As is evident in Figure 1B, asymmetry for local gyrification differed by hand group for several contiguous parcellations: postcentral gyrus, t(162) = −2.59, p = .01, postcentral sulcus, p = .01, t(162) = −2.58, and supramarginal gyrus, t(162) = −2.81, p < .01. Similar trends were obtained in two adjacent regions, precentral gyrus, t(162) = −2.38, p < .02, and central sulcus, t(162) = −2.4, p < .02. In each of these regions, consistent handers had reliable leftward asymmetries (i.e., greater folding in LH than RH), whereas weak handers had smaller leftward or no asymmetry (see Table 4, lower panel). To explore whether these asymmetry differences were more attributable to right or left hemisphere gyrification differences, we conducted a 5 (region) X 2 (hemisphere) X 2 (hand group) ANOVA on LGI. These analyses revealed a main effect of hemisphere F(1,162) = 42.21, p < .0001, which was modified by a Hand Group X Hemisphere interaction, F(1,162) = 9.86, p < .005. Follow-up analyses indicated that the reduction of asymmetry for weak handers was attributable to group differences in right hemisphere gyrification (see Table 5, lower panel). The hand groups did not differ in LH gyrification in these regions F < 1, but weak handers had significantly greater folding than consistent handers in the RH, F(1,162) = 5.95, p < .02. These effects did not differ over the 5 brain regions as indicated by the absence of a Region X Hemisphere X Hand interaction, F < 1. Finally, there was one region, the lateral occipital temporal sulcus, that had greater leftward gyrification asymmetry for weak, relative to consistent, handers, t(162) = 2.53, p = .01.

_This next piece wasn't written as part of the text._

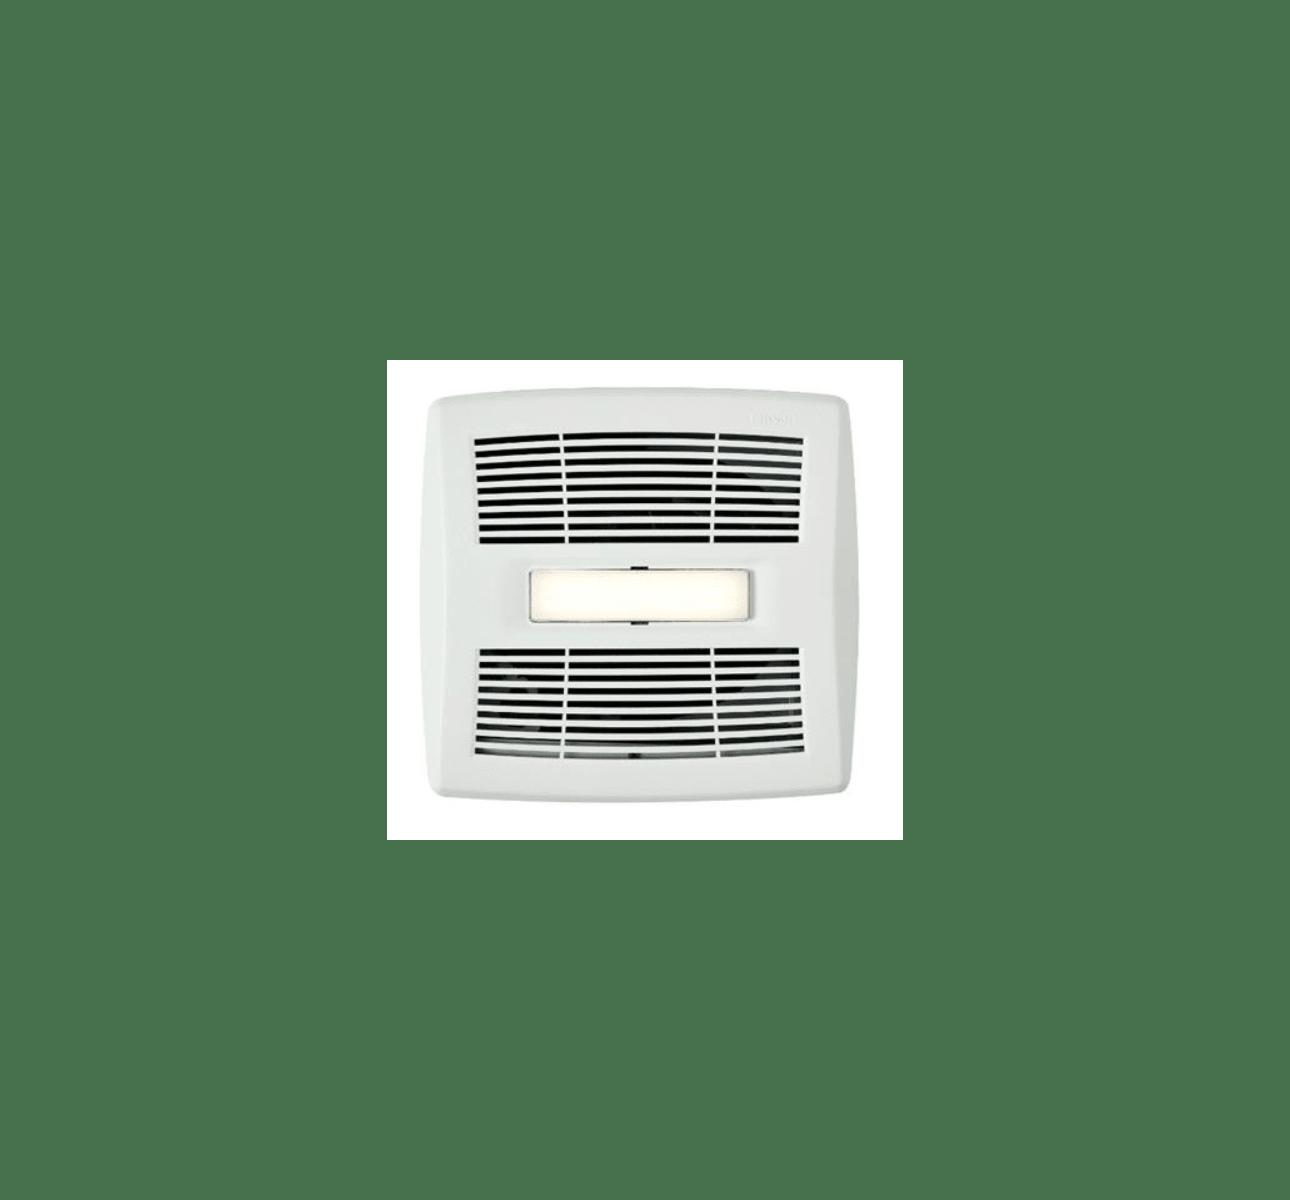 Shop Broan 0 3 Sone 110 Cfm White Bathroom Fan Energy Star: Broan InVent™ Series Bathroom Exhaust Fan With LED Light

These findings indicate increased right hemisphere gyrification and reduced gyrification asymmetry for weak handers in a large region surrounding the central sulcus and extending posteriorly into the parietal cortex. Increased local gyrification can reflect deeper sulci and/or greater number of more superficial sulci. Some prior studies have reported leftward asymmetry for the depth of the central sulcus in right handers, but no asymmetry or rightward asymmetry of this feature for left handers (Amunts et al., 1996, 2000). Because our group of weak handers contained more left handed individuals than the consistent hander group, we dropped all left-handed participants (both consistent and weak handers) from the sample and recalculated the local gyrification asymmetry t-tests of the group differences. All group asymmetry contrasts remained significant (p’s < .01, see Supplementary Table 4, lower panel).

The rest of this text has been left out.